И складывалось все так хорошо. Мы пришли в центральный корпус. В регистратуре узнали, где находится морг, нашли его, а заодно и главного анатома (или кто там у них главный) тоже нашли.

Миша стоял в центре. Мы с Лехой обрамляли его с боков. Говорил Миша, мы лишь кивали. Уже примерно на середине его рассудительной речи: «…и вот поэтому мы хотим мыть трупы…» – анатом сообщил, что в морге работают только люди со специальным образованием или студенты медицинского института. И так он это хорошо сказал, с такой правильной интонацией, что нам сделалось до того неловко, словно брюки вместе с трусами упали в людном месте.

От пережитого конфуза мы на улице разругались. Миша во всем обвинил нас: дескать, мы неподобающе выглядим, что бритый наголо Леха похож на неонаци, а я, обутый в черные мартенсы, в черных штанах и косухе – вылитый сатанист.

Миша был убит горем куда больше нашего. Дело в том, что, когда мы еще только подходили к «Шарите», в скверике он заприметил на скамейке позабытую женскую сумочку и хотел в ней порыться, а мы ему сказали: «Брось, у тебя скоро будет до херищи бабла», и Миша теперь терзался, потому что мы снова прошли мимо этой скамейки, а сумочки уже не было. Миша плелся за нами и ныл: вот, мол, я вас послушал, а теперь ни трупов, ни сумки, ни денег…

Конечно, он потерял больше. Мы-то с Лехой остались только без трупов.

№ 2

Учредителей было трое: Дирк, его сожительница Даян и общий друг сожителей Даниэль. Поэтому вся эта троица на D и назвалась «3D-TV». Фирма выживала за счет съемок дешевой рекламы, которую потом гоняли местные берлинские каналы: «Посетите ресторан такой-то, опытные повара вкусно приготовят, прекрасные официанты обслужат…» – минутные сюжеты-визитки. Дирк был режиссером и оператором, Даян озвучивала сюжеты, а Даниэль занимался монтажом.

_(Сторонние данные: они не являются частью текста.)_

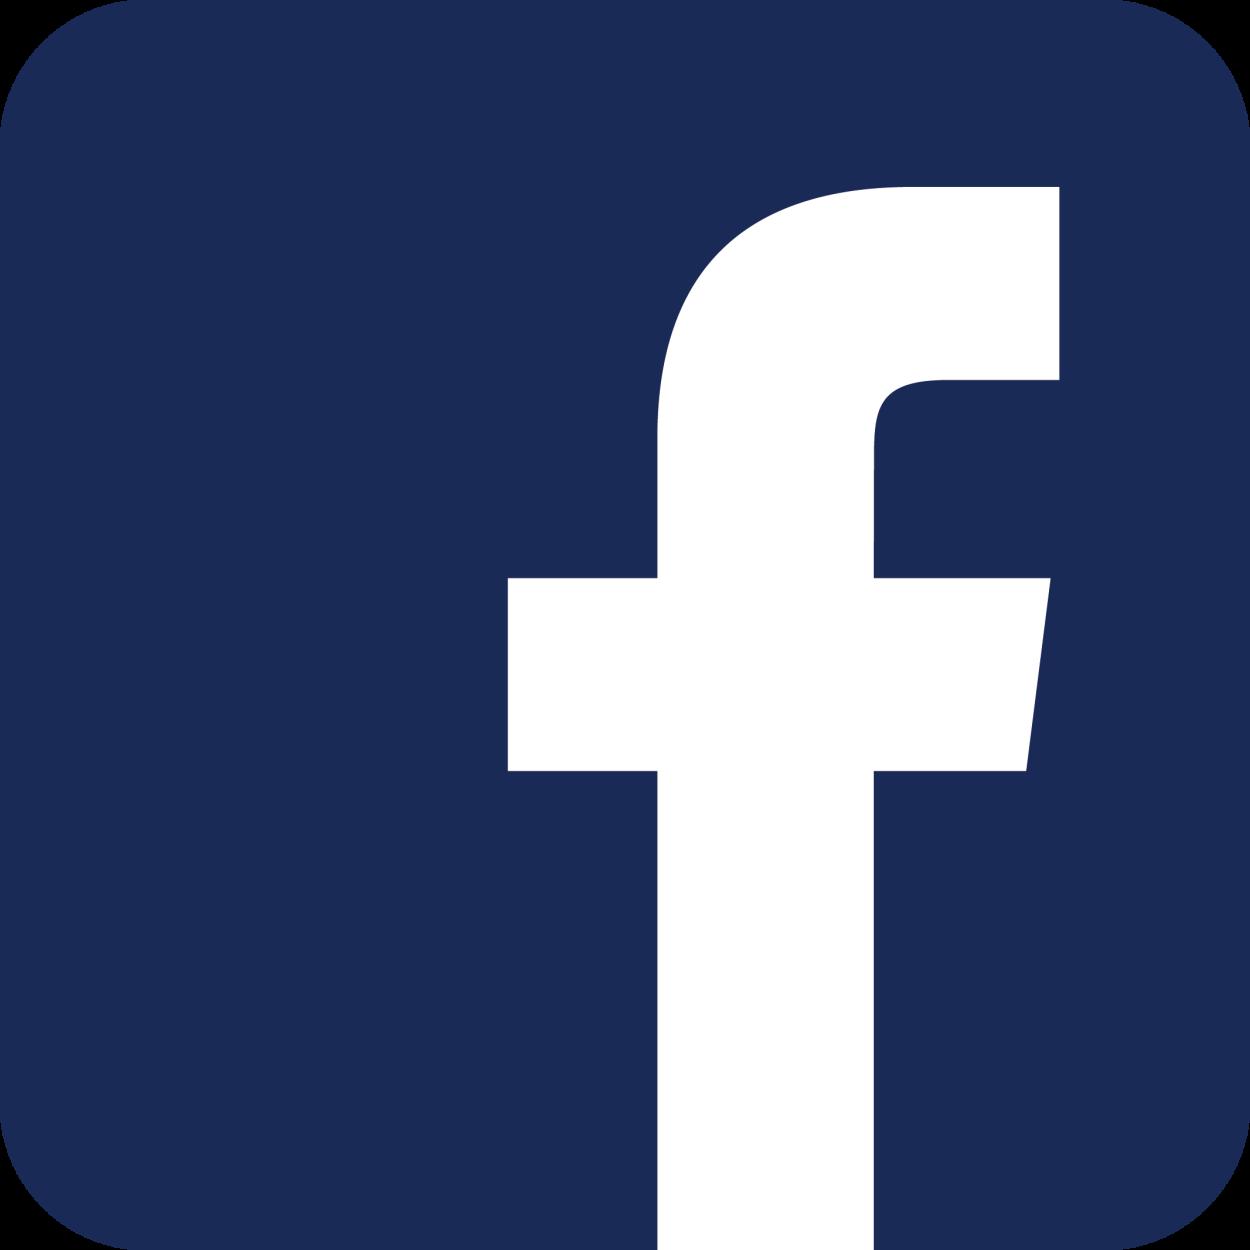 アロマ雑貨とインテリア専門店 AromaSnowman facebook

Я сам приперся на фирму и, как нахальная цыганка, клянчил: «Дай работу, дай работу, ай молодой-красивый, дай работу!» И получил. Впрочем, они действительно нуждались в операторе. Дирк не любил камеру, точнее, он боялся плохо отработать на съемках, облажаться перед коллегами. А я ничего не боялся, потому что за три года режиссерской учебы вызубрил камеру Betacam SP наизусть.

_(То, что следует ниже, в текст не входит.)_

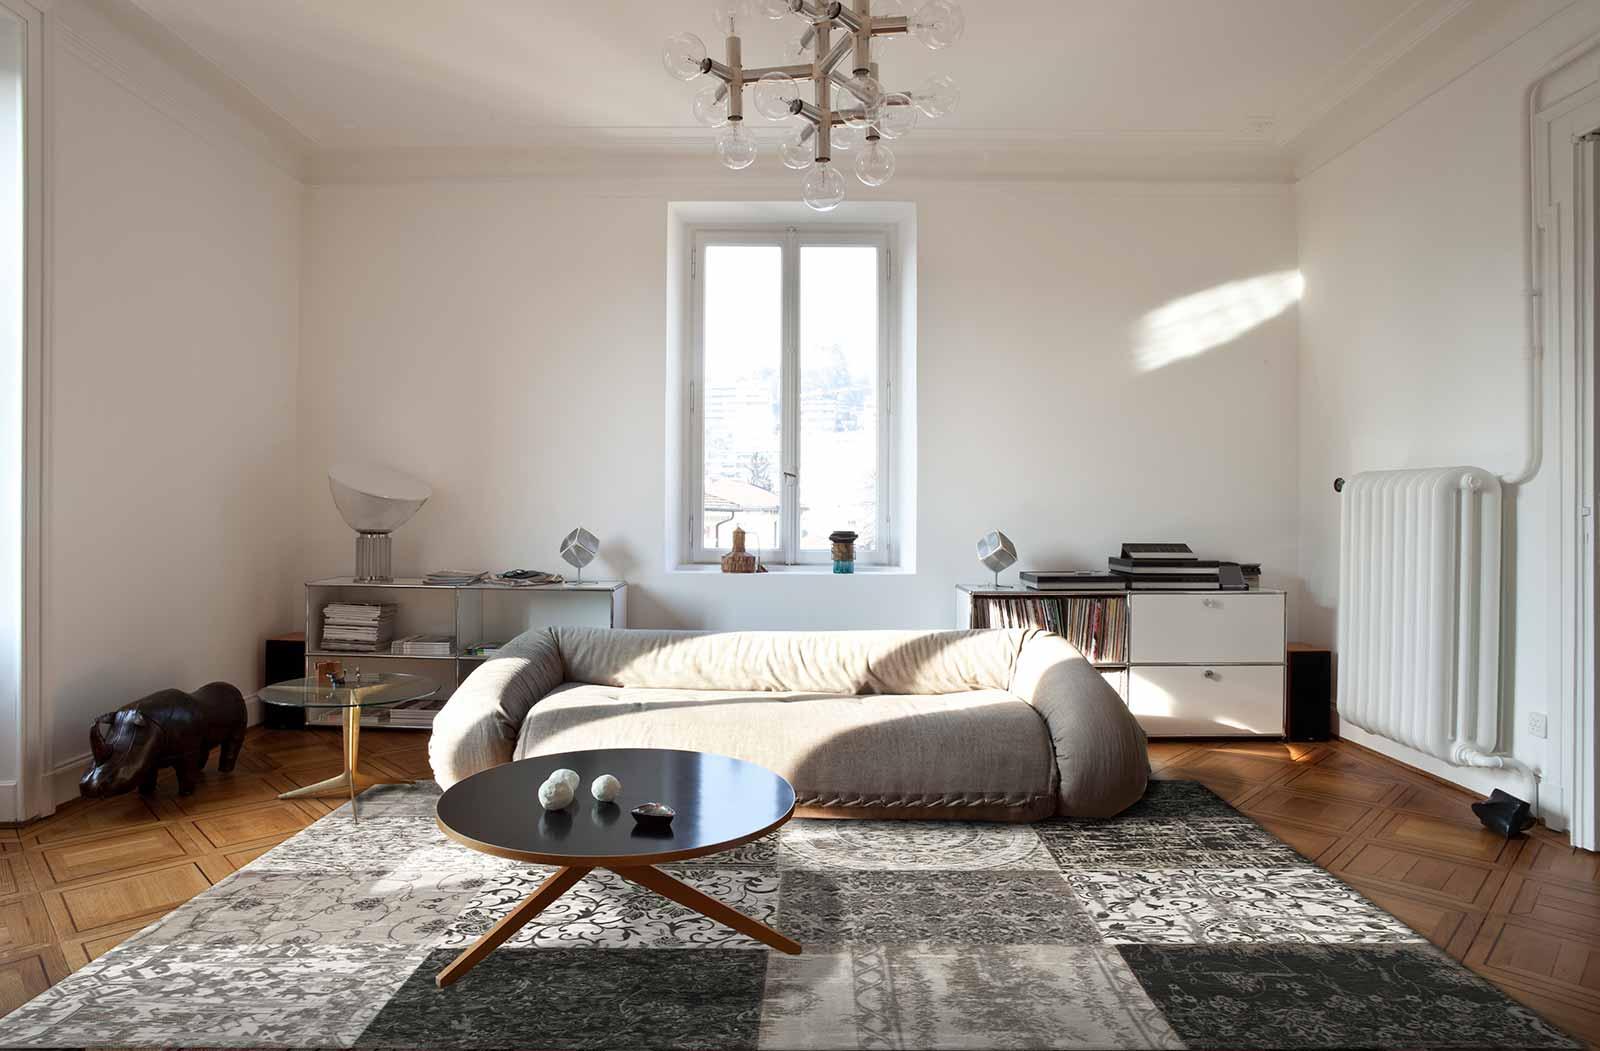 teppich Louis De Poortere LX 8101 Vintage Black White interior

Хорошо мне там было, на 3D-TV. Спокойно. Я был примерным работником. Соглашался на опасные съемки, не предусмотренные правилами техники безопасности. К примеру, отснял ландшафт из крошечного самолета без дверцы, а ведь меня запросто могло выдуть наружу. Сейчас я по ночам ворочаюсь от ужаса, вспоминая это.

Потом для 3D-TV наступили трудные времена, и Дирк предупредил, что они не потянут еще одного сотрудника – то есть меня. В утешение сказал:

– У меня есть полезная информация. Одной фирме срочно нужен оператор, и я мог бы тебя порекомендовать, – и смущенно предупредил: – Только они снимают порно… Гей-порно, – сразу уточнил Дирк. – Но и платят хорошо, четыреста евро за съемочный день.

Я поежился:

– Как-то все-таки противно…

– А стоматологу каково в гнилых зубах ковыряться? – вздохнул Дирк.

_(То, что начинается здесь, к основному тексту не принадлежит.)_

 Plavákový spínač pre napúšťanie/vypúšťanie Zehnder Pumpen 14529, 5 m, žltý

– Одно дело, нормальная порнуха с бабами, а тут…

– Это же не подмахивать (на немецком это прозвучало как «митмахен»), а за камерой стоять, – практично сказал Дирк.

– Мне подумать надо…

Дело, как ни крути, не было богоугодным. Но в день четыреста евро. В неделе, допустим, три съемочных дня. Трижды четыре – двенадцать. В месяц – умножить на четыре – это почти пять тысяч… Слишком, слишком много. Так ведь пидоров снимать. За вредность…

«До чего все-таки довела меня злодейка судьба! – казнился я. – Что бы сказали мои знакомые?! Как жить дальше с таким клеймом в биографии?! Ведь обязательно узнают и напишут: Елизаров снимал (даже звучит двусмысленно – снимал) пидарасов. Век потом не отмоешься… А что если на съемках приставать начнут? Ударишь – мало того, что выгонят, так еще и полицию вызовут. Резонно спросят: а зачем ты тогда вообще к нам приходил? Как зачем? Я оператор. Ведь можно же все оговорить! В конце-то концов, цивилизованная европейская страна. Я им прямо скажу, заранее: „Я не принадлежу к вашему миру и предупреждаю, чтобы без глупостей…“»

Я плохо спал эти дни. Все думал. А в конце недели в почтовом ящике лежало два отказа на стипендии, кроме того, меня нагнала гамбургская квартирная пеня за перерасход воды и электричества – все вместе на шестьсот евро.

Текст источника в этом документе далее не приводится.